On July 27, 1660, they arrived in Boston, where they knew Increase Mather and Daniel Gookin. Gov. John Endecott received them warmly. They thought themselves safe and lived openly in Cambridge, believing rumors that all but seven of the regicides would receive pardons. Those turned out to be false.
As the new Parliament debated what to do with people who committed crimes (including king killing) during the Interregnum, Endecott began to wonder whether he should have greeted the regicides with open arms. On Feb. 22, 1661, he gathered a court of assistants to discuss whether to arrest the two men. Whalley and Goffe decided to head south. They left on February 26, and orders for their arrest arrived from Barbados on March 8.
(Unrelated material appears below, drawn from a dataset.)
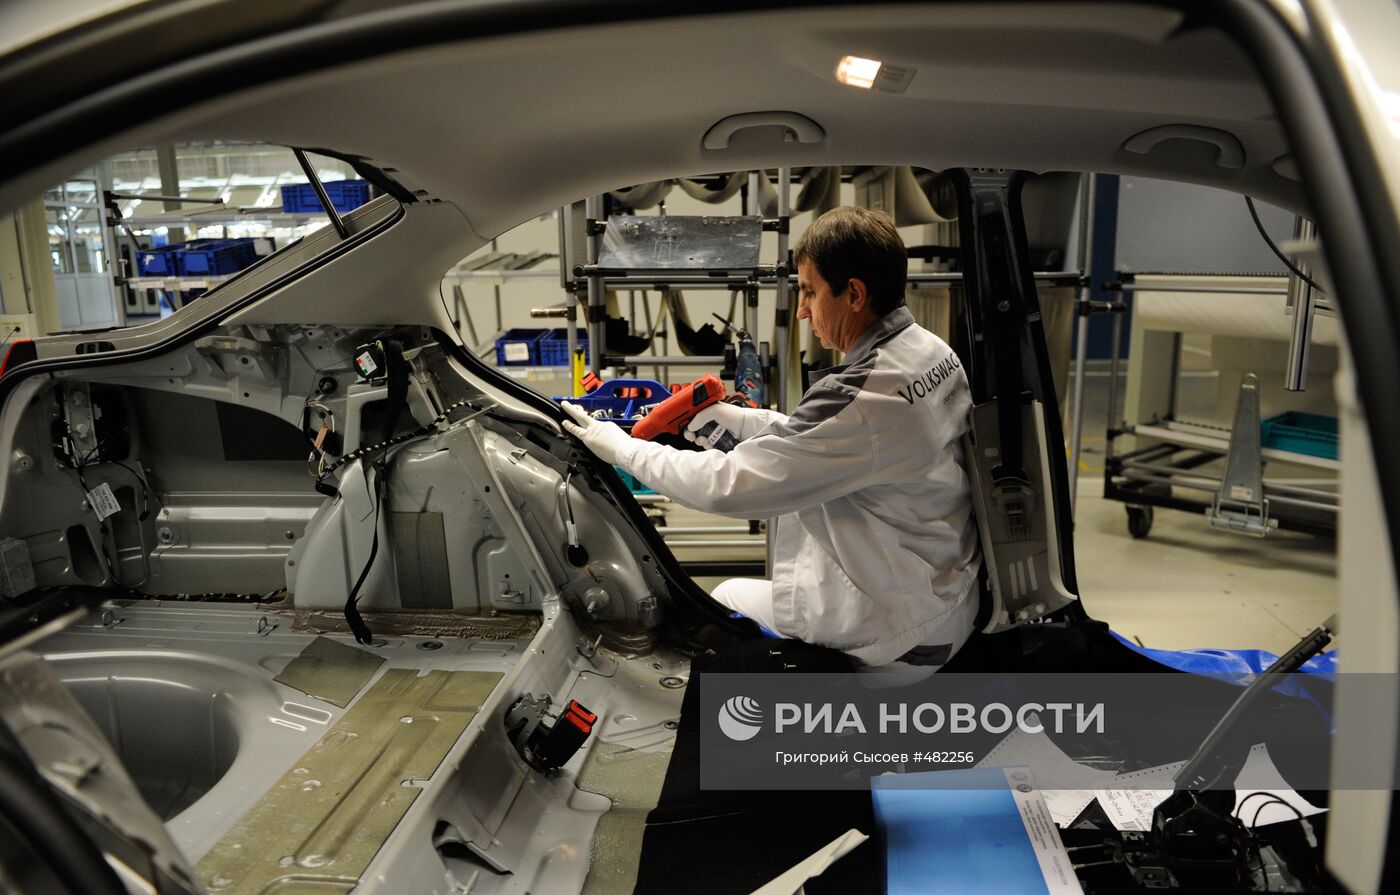 Запуск производства полного цикла на заводе Volkswagen Group Rus

The Regicides in New Haven
Whalley and Goffe arrived in New Haven two days after Boston magistrates received the royal order for their arrest. They hid out with a sympathetic minister, the Rev. John Davenport. When the news of their arrest orders arrived, they made a show of leaving for Milford, but returned secretly to New Haven that night. For two months they stayed with Davenport and other sympathizers as royal agents swept the countryside in search of them.
New Haven Gov. William Leete received the orders for their arrest in Guilford, but Leete sympathized with the regicides and delayed the king’s agents. That gave Whalley and Goffe enough time to escape and hide out in Judges Cave, where they lived most of the summer.
In August they moved to a house in Milford, where they lived for two years until their hideout was discovered. They moved back to the cave until Indians found them. On Oct. 13, 1663, they set out for western Massachusetts, traveling only by night. They arrived in Hadley, Mass., where the Rev. John Russell sheltered them. Goffe managed to exchange letters with his wife, still in England. She sent him money.
In 1665, King Charles II punished New Haven for protecting the regicides. He merged the colony with Connecticut.
Angel of Hadley
During King Philip’s War, Indians attacked Hadley. According to legend, all seemed lost until a powerful-looking old man with a white beard and a sword appeared. He rallied the militia in a successful defense against the Indians and then disappeared. There is reason to believe the Angel of Hadley was William Goffe.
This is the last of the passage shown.